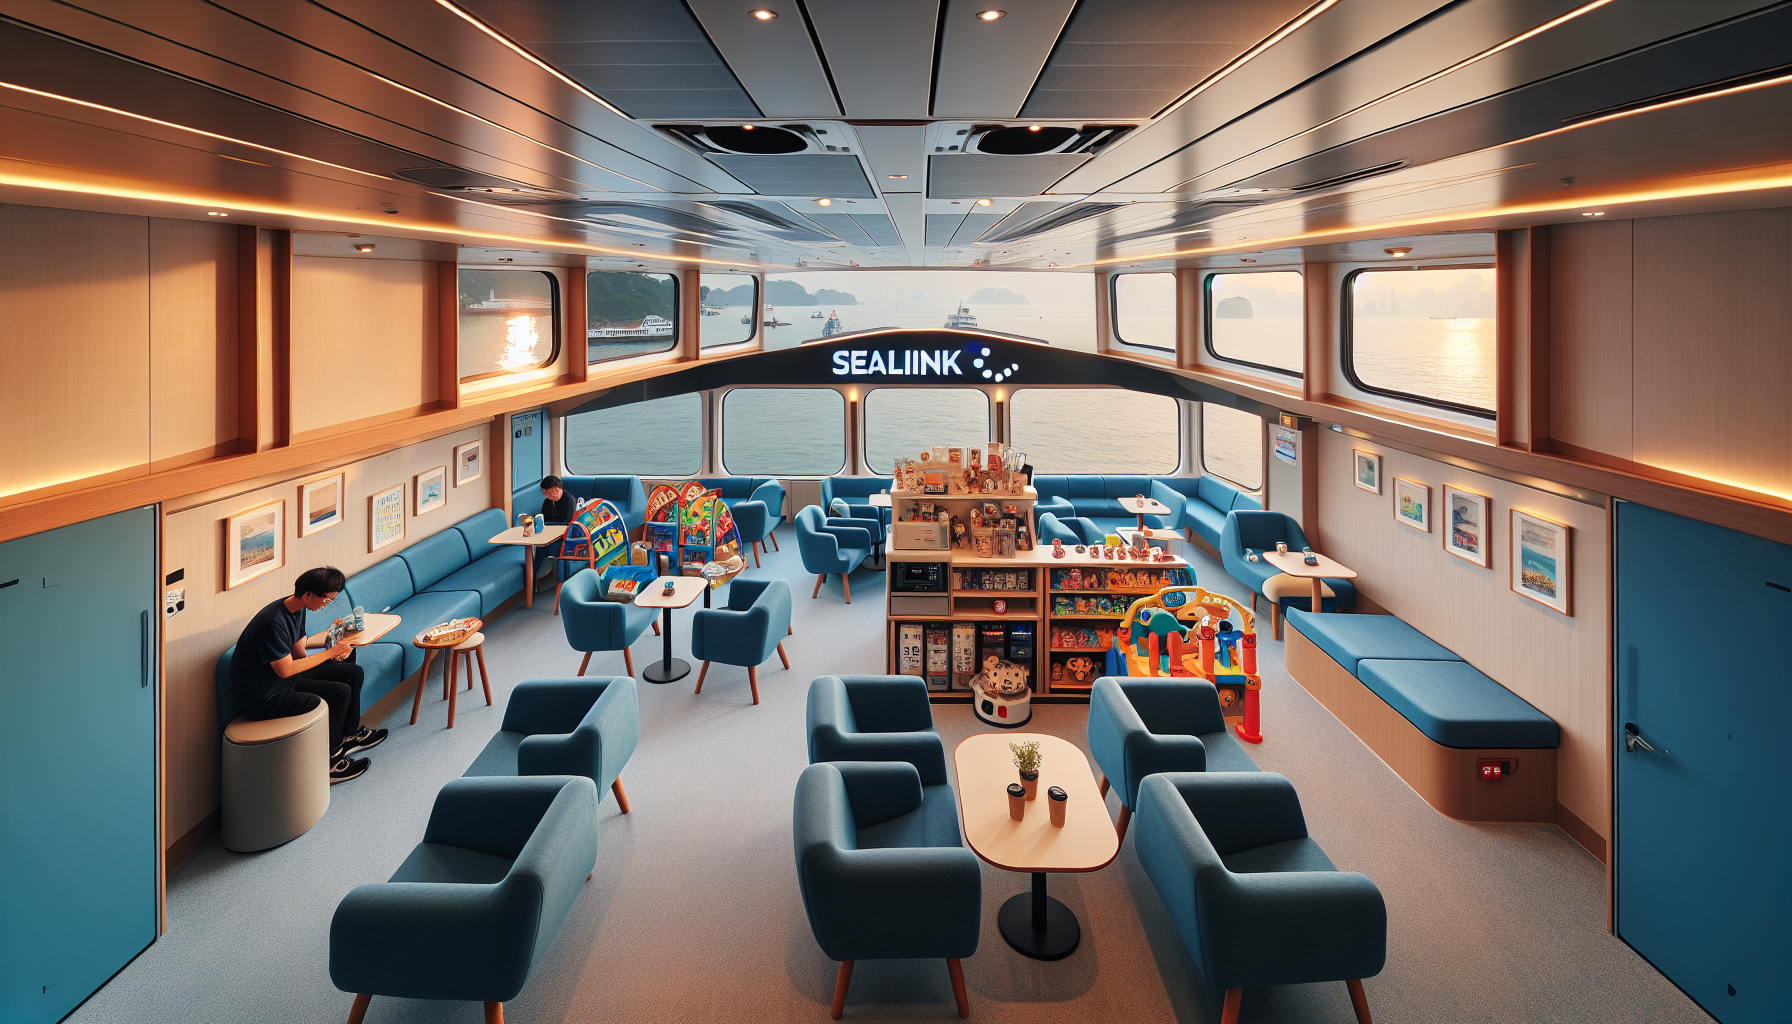 Onboard Amenities and Facilities of SeaLink Ferries
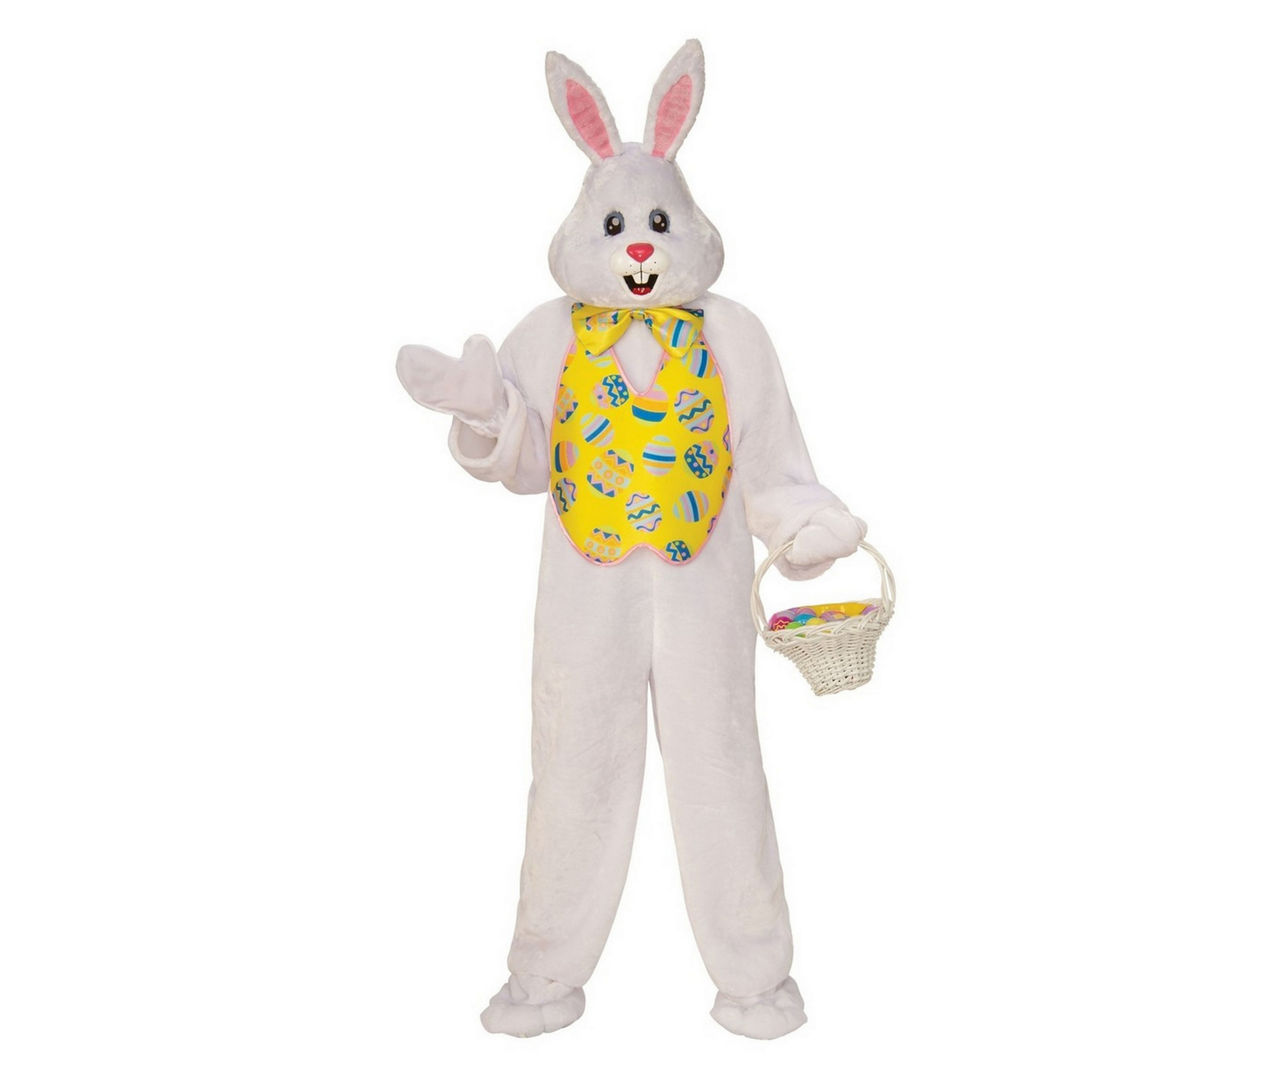 Adult Size X-Large Egg Vest Bunny Mascot Costume
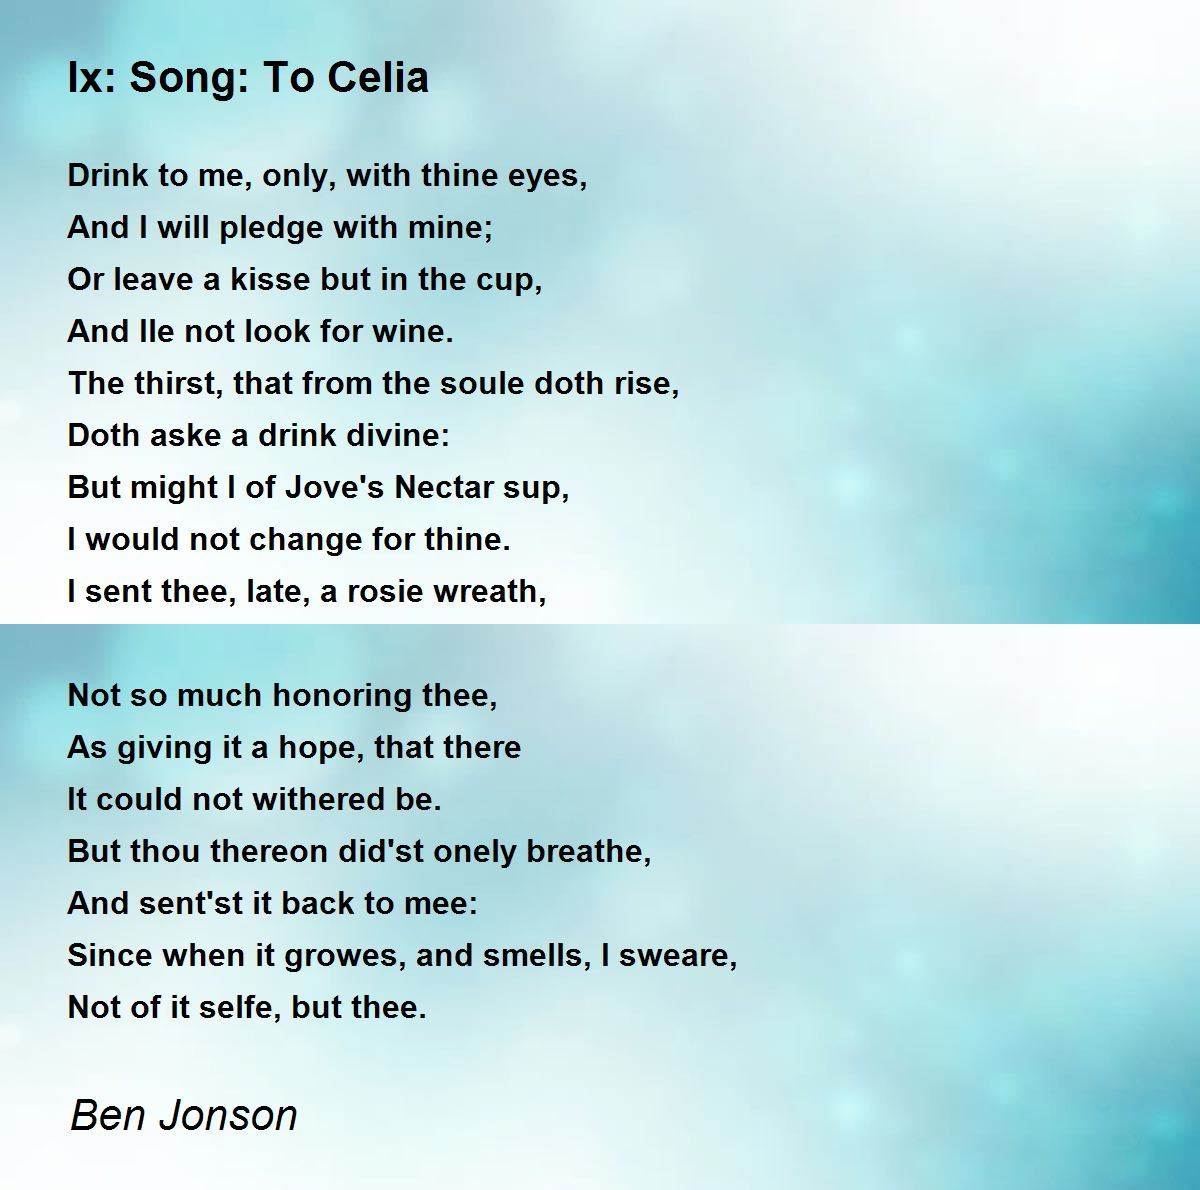 Текст песни девятое мая. Ben Jonson "Plays and poems". Celia poem by b en Johnson.
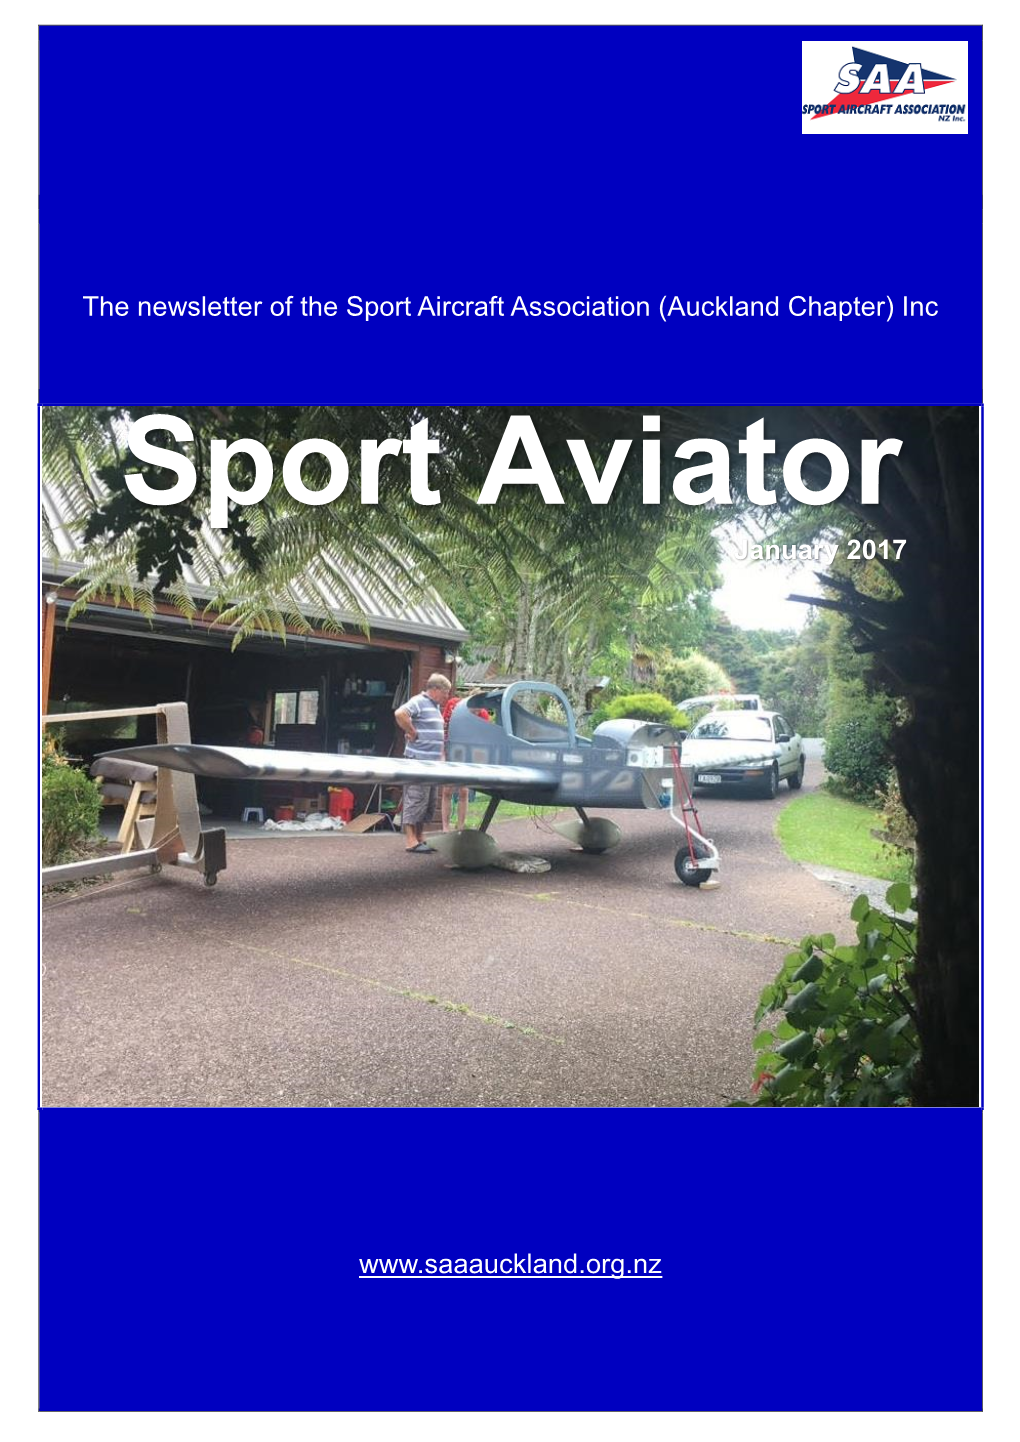 Newsletter of the Sport Aviation Association (Auckland Chapter)
* * * * * * *
### [Exercise]
Could you print the whole listing again, exactly, leaving the pictures out?

### [Answer space]
 Onboard Amenities and Facilities of SeaLink Ferries
 Adult Size X-Large Egg Vest Bunny Mascot Costume
 Текст песни девятое мая. Ben Jonson "Plays and poems". Celia poem by b en Johnson.
 Newsletter of the Sport Aviation Association (Auckland Chapter)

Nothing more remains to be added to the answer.